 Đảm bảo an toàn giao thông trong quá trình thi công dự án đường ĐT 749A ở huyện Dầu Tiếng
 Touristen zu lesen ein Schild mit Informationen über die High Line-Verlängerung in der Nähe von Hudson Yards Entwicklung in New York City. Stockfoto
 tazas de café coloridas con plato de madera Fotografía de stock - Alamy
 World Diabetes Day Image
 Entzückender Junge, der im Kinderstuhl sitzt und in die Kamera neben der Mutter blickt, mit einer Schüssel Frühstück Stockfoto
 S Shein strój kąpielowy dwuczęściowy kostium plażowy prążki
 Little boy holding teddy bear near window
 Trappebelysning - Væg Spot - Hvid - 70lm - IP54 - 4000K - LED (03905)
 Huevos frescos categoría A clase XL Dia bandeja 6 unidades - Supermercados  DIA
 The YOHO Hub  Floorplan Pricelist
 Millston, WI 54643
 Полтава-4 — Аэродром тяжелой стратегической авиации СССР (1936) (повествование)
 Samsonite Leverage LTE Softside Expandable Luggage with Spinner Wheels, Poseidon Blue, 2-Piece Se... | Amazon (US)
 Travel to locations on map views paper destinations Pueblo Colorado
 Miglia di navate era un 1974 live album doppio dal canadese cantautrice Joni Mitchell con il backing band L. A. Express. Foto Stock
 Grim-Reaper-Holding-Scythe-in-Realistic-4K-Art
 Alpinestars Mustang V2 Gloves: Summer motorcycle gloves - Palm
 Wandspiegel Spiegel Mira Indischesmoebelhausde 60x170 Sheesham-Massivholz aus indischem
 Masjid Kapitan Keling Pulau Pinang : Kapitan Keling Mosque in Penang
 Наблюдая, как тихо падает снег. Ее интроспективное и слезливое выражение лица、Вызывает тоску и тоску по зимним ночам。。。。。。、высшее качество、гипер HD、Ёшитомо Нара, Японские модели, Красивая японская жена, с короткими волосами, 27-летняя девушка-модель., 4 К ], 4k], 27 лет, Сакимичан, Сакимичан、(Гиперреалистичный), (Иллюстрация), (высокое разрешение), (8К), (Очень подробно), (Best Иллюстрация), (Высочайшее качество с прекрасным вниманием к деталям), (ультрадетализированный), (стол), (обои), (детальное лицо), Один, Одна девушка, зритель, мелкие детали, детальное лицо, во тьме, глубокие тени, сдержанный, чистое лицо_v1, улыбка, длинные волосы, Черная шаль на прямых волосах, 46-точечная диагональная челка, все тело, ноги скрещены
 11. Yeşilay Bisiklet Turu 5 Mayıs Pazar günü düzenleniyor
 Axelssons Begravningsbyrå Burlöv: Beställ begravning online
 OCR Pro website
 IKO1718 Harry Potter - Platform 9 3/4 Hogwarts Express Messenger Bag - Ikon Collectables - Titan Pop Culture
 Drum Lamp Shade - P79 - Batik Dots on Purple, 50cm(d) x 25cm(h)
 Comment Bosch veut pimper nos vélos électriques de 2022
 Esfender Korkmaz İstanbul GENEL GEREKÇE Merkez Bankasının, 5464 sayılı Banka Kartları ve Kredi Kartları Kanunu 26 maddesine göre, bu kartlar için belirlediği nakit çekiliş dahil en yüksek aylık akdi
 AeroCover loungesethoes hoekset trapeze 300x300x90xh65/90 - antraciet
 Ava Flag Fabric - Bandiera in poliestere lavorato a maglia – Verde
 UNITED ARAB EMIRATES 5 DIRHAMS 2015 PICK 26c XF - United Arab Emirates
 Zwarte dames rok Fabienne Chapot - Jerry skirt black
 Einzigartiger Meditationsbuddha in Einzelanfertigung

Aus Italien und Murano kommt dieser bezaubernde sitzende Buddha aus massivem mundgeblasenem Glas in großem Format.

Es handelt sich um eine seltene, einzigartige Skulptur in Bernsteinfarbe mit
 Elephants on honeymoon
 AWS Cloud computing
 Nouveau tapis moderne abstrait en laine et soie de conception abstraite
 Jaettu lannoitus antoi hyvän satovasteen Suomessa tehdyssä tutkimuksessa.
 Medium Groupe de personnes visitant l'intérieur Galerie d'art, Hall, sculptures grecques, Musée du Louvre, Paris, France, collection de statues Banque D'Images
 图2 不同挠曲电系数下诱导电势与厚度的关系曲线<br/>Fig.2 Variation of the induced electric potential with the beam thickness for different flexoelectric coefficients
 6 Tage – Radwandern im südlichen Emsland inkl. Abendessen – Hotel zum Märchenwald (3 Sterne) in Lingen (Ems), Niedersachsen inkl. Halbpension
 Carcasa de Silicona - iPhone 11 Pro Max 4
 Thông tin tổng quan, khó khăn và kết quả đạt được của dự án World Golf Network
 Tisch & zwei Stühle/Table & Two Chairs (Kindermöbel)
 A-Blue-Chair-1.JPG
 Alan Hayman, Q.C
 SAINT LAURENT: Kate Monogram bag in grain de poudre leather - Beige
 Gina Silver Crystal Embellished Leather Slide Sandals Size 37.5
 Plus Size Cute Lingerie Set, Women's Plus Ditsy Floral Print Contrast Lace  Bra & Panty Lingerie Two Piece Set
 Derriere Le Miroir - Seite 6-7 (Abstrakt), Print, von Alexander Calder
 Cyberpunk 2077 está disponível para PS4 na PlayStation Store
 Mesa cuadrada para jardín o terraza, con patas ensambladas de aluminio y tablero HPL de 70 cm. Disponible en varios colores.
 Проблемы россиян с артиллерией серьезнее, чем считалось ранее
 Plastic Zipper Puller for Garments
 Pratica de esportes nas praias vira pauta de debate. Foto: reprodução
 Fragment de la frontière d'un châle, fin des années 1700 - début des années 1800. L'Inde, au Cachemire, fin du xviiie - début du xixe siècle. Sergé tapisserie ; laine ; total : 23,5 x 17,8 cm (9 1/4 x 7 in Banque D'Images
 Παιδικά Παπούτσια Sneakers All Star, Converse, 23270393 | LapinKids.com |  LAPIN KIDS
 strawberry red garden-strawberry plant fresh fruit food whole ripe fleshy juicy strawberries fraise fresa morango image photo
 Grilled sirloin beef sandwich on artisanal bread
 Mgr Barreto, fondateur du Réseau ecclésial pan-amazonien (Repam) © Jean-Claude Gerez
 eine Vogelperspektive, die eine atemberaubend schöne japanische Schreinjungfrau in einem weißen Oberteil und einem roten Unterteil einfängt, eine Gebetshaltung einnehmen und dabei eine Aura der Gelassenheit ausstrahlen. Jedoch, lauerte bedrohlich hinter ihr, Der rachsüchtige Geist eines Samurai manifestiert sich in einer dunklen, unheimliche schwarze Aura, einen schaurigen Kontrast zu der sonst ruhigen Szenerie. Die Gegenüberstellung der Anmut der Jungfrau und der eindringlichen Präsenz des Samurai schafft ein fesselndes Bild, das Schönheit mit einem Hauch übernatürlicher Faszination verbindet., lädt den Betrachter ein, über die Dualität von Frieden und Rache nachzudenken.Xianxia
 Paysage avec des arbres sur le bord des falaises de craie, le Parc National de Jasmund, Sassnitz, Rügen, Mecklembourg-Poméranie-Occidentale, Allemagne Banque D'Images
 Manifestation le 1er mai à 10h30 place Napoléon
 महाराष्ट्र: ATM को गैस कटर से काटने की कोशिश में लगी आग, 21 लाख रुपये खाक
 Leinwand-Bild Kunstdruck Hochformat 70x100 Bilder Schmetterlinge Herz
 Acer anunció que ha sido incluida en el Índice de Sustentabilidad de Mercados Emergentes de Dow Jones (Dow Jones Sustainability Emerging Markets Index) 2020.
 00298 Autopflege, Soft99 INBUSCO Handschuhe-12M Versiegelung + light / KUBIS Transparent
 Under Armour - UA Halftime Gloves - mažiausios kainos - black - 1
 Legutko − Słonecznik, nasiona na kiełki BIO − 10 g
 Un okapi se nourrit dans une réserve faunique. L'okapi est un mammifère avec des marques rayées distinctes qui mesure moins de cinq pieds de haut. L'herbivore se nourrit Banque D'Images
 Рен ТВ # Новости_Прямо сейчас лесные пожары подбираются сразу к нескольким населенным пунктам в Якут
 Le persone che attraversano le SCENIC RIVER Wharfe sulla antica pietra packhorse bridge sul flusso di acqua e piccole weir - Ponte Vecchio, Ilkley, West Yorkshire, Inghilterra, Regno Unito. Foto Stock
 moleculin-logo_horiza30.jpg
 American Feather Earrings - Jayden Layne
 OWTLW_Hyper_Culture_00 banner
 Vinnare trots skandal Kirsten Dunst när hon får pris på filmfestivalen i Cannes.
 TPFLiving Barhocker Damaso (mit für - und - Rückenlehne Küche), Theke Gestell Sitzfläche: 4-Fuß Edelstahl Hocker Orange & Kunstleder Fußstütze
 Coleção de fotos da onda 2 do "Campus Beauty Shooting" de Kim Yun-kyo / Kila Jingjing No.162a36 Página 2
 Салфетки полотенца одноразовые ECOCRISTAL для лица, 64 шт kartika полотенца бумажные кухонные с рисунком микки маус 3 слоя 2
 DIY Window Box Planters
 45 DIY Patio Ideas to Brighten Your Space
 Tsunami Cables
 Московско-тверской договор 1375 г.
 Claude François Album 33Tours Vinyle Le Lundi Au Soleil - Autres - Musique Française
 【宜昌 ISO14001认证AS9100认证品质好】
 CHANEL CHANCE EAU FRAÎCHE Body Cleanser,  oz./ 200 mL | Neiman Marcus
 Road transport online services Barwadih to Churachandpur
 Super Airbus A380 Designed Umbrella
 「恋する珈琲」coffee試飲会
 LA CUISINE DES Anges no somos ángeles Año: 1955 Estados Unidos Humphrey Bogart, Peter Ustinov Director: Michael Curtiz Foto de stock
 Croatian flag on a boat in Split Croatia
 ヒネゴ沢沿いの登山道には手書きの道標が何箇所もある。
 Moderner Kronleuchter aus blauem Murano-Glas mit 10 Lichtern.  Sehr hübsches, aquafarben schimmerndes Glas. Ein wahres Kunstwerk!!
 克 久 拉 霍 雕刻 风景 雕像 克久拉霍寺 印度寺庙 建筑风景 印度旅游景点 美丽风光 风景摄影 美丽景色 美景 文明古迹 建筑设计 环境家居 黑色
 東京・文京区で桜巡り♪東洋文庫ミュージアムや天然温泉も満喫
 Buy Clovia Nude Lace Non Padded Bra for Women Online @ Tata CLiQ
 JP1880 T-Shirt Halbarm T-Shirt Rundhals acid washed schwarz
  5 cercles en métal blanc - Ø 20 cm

_ _ _ _ _

**YOUR ASSIGNMENT**
Scan the lines above for "S Shein strój" and for "Masjid Kapitan Keling". Repeat exactly the line holding each of them and every line in between.

**EXERCISE ANSWER**
 S Shein strój kąpielowy dwuczęściowy kostium plażowy prążki
 Little boy holding teddy bear near window
 Trappebelysning - Væg Spot - Hvid - 70lm - IP54 - 4000K - LED (03905)
 Huevos frescos categoría A clase XL Dia bandeja 6 unidades - Supermercados  DIA
 The YOHO Hub  Floorplan Pricelist
 Millston, WI 54643
 Полтава-4 — Аэродром тяжелой стратегической авиации СССР (1936) (повествование)
 Samsonite Leverage LTE Softside Expandable Luggage with Spinner Wheels, Poseidon Blue, 2-Piece Se... | Amazon (US)
 Travel to locations on map views paper destinations Pueblo Colorado
 Miglia di navate era un 1974 live album doppio dal canadese cantautrice Joni Mitchell con il backing band L. A. Express. Foto Stock
 Grim-Reaper-Holding-Scythe-in-Realistic-4K-Art
 Alpinestars Mustang V2 Gloves: Summer motorcycle gloves - Palm
 Wandspiegel Spiegel Mira Indischesmoebelhausde 60x170 Sheesham-Massivholz aus indischem
 Masjid Kapitan Keling Pulau Pinang : Kapitan Keling Mosque in Penang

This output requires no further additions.